WHAT THE EXERCISE ASKS:
There are pictures in the records below; leave them out and set down exactly the lines from the one holding "Nixon Neon Wrist" through the one holding "Kesselwandferner Annual Mass".

TASK INPUTS:

☆ ☆ ☆ ☆ ☆ ☆ ☆

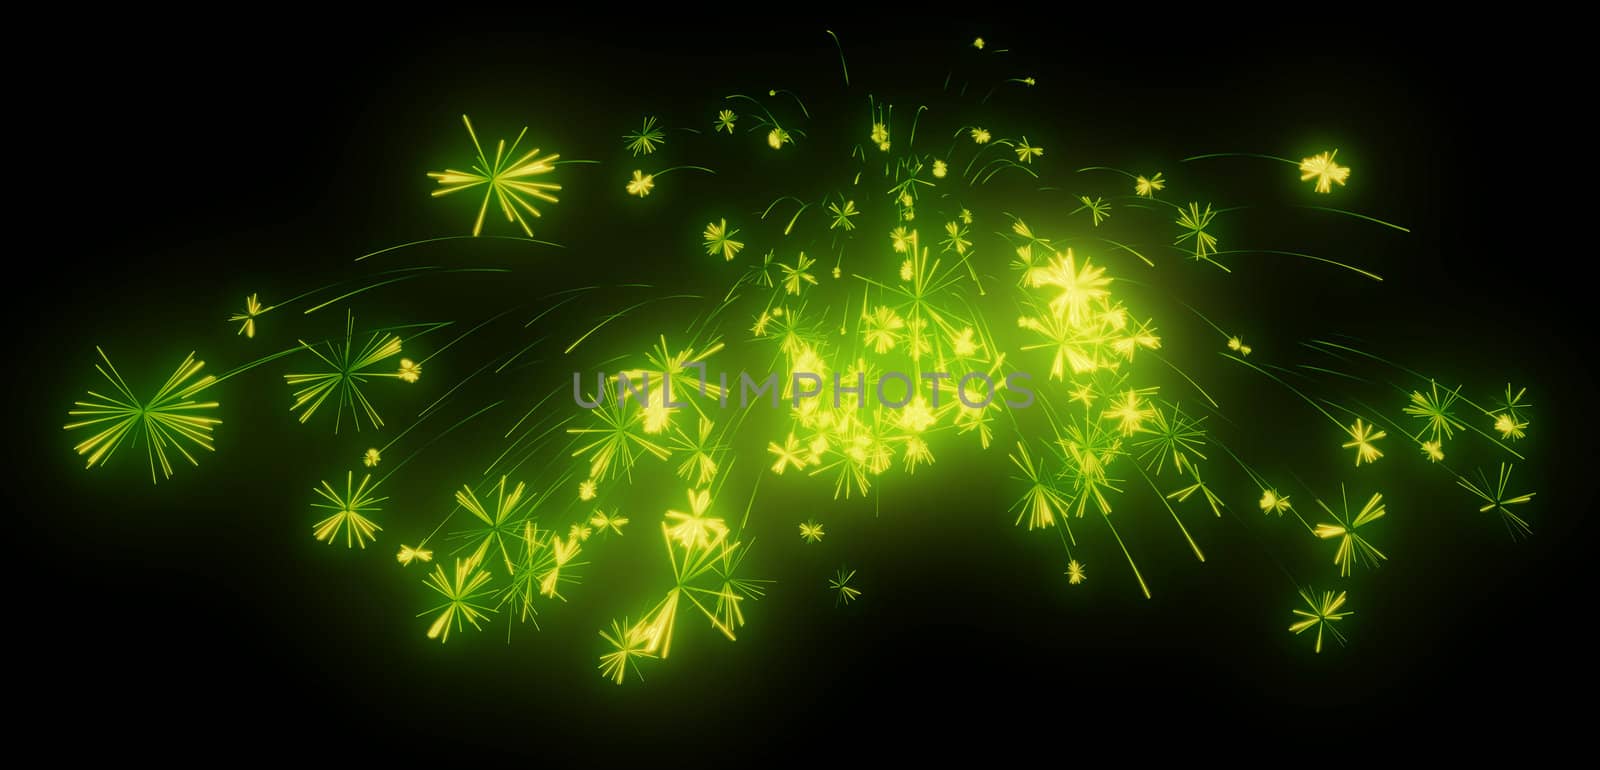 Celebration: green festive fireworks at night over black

☆ ☆ ☆ ☆ ☆ ☆ ☆

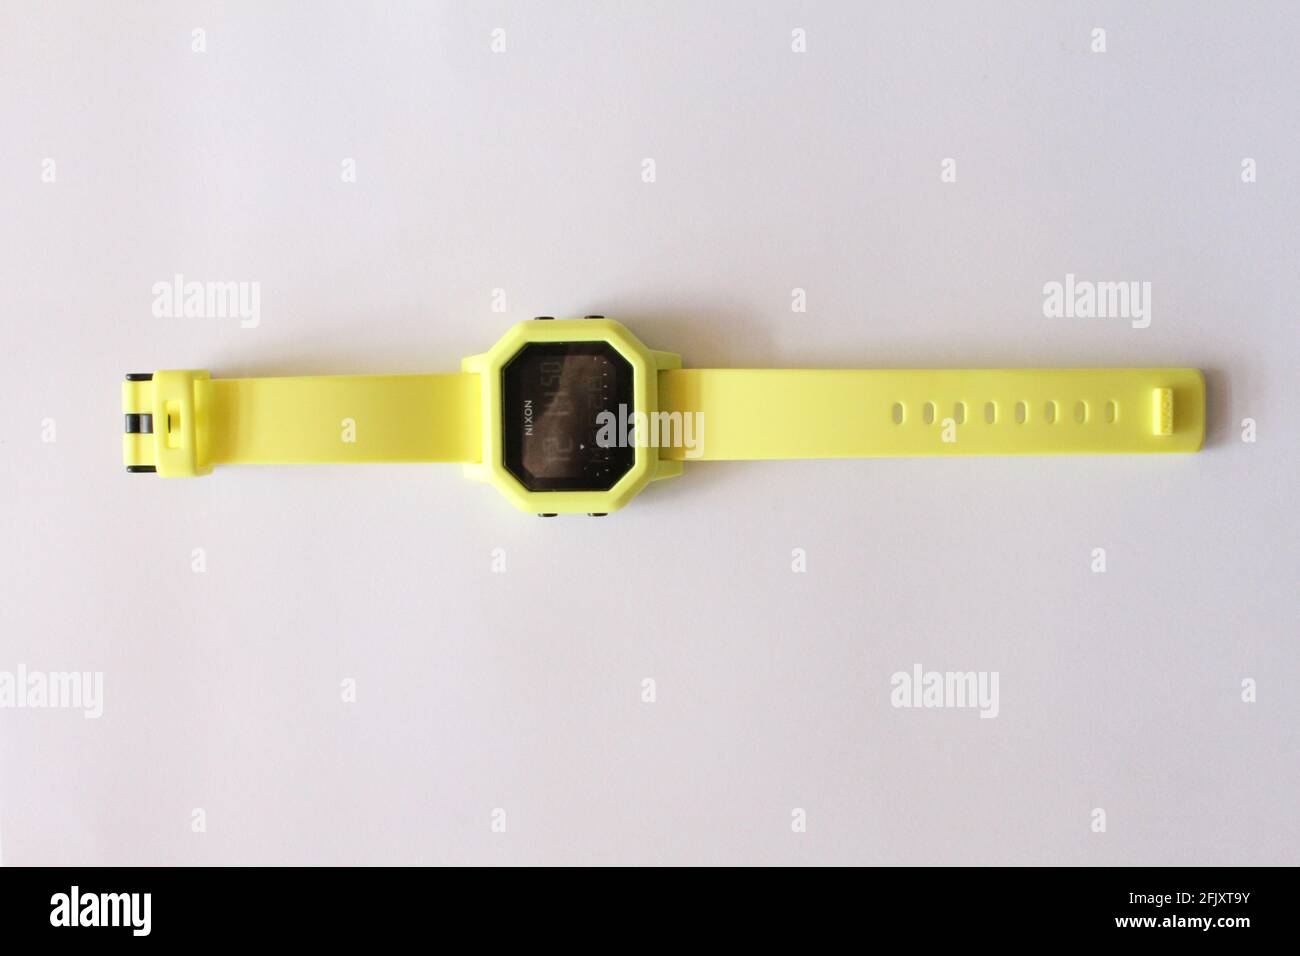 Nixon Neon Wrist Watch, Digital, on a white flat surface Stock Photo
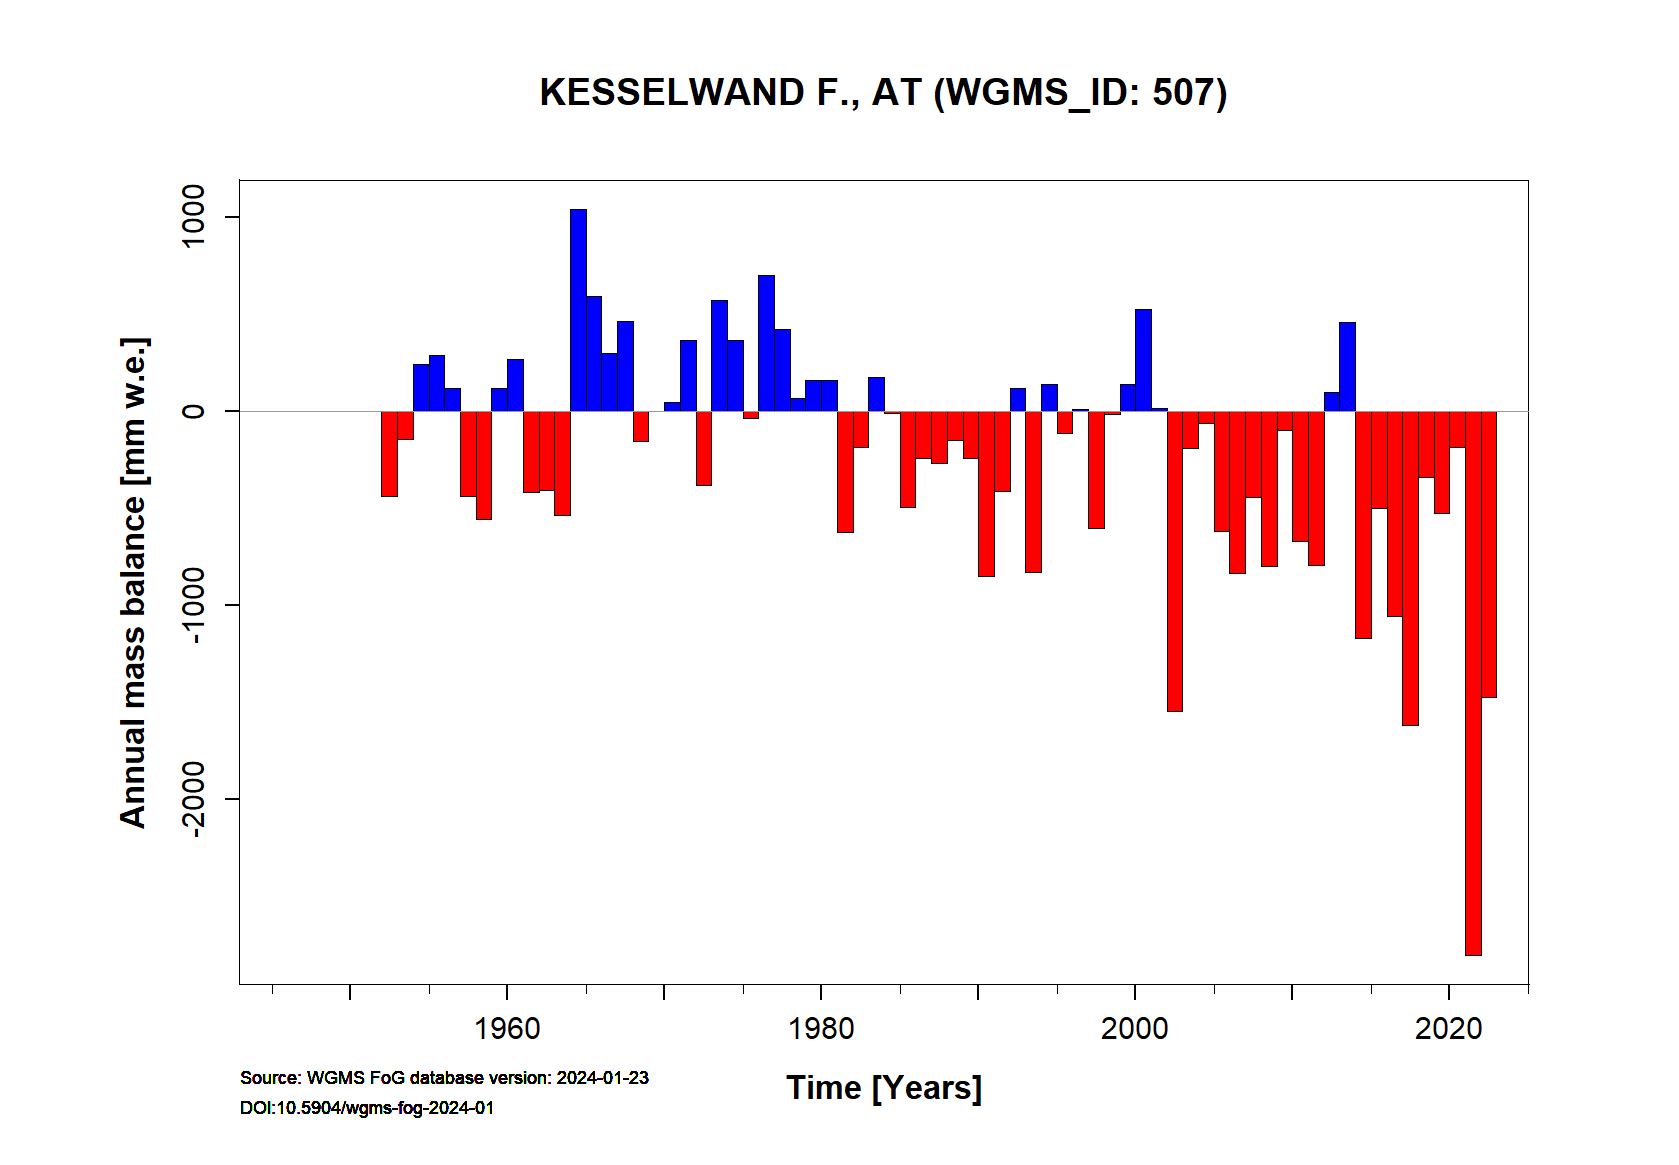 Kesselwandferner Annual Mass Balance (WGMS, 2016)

☆ ☆ ☆ ☆ ☆ ☆ ☆

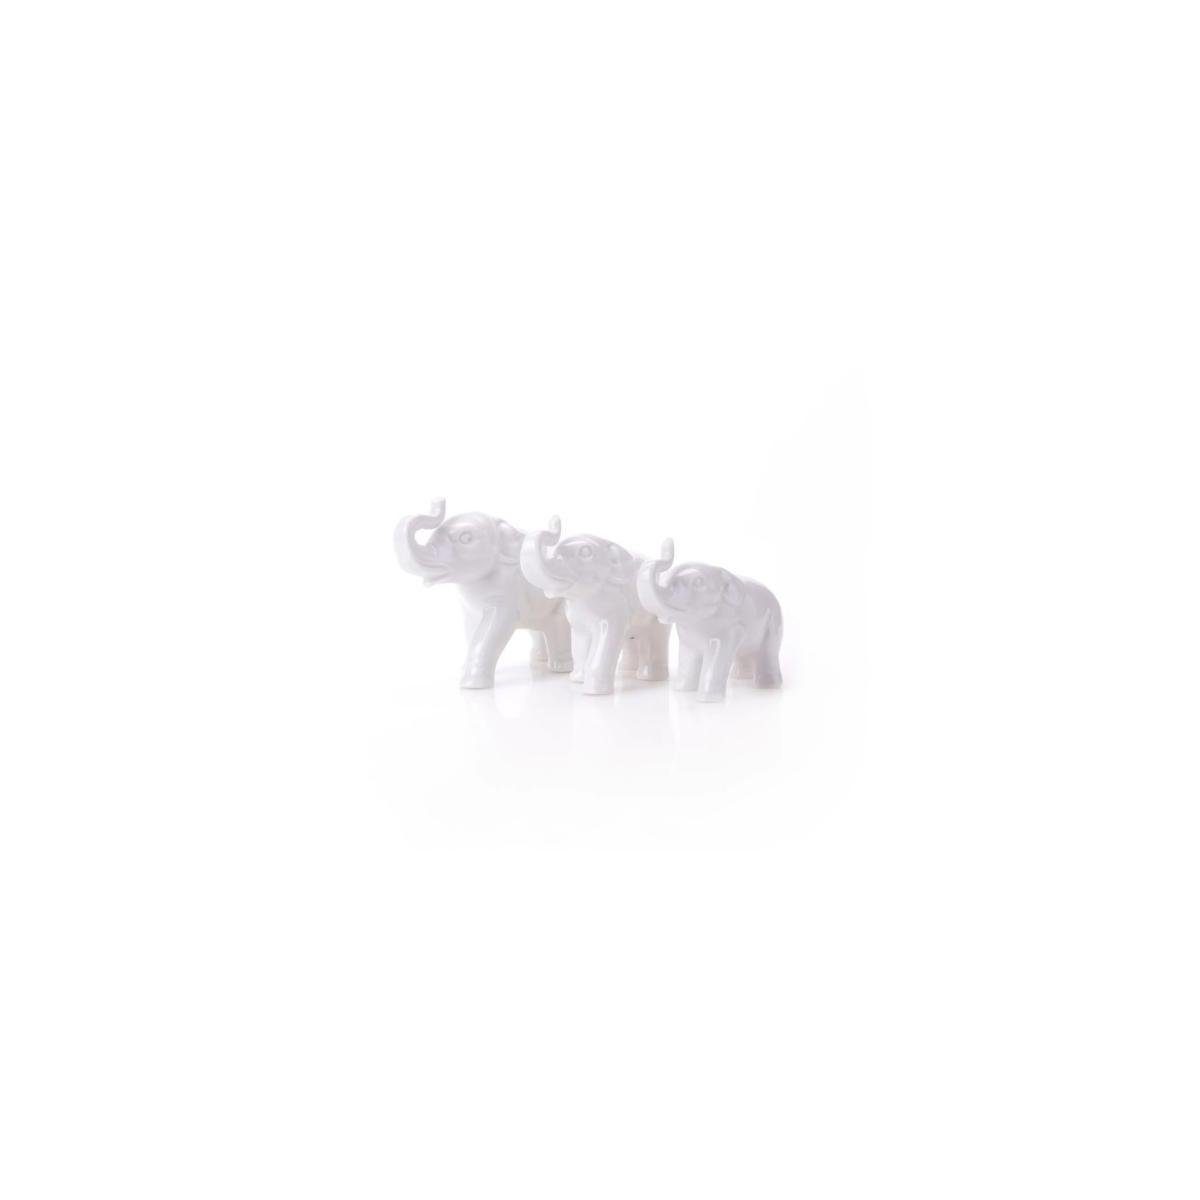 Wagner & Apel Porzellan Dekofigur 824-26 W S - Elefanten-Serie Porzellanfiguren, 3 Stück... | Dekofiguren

☆ ☆ ☆ ☆ ☆ ☆ ☆

ANSWER TO THIS TASK:
 Nixon Neon Wrist Watch, Digital, on a white flat surface Stock Photo
 Kesselwandferner Annual Mass Balance (WGMS, 2016)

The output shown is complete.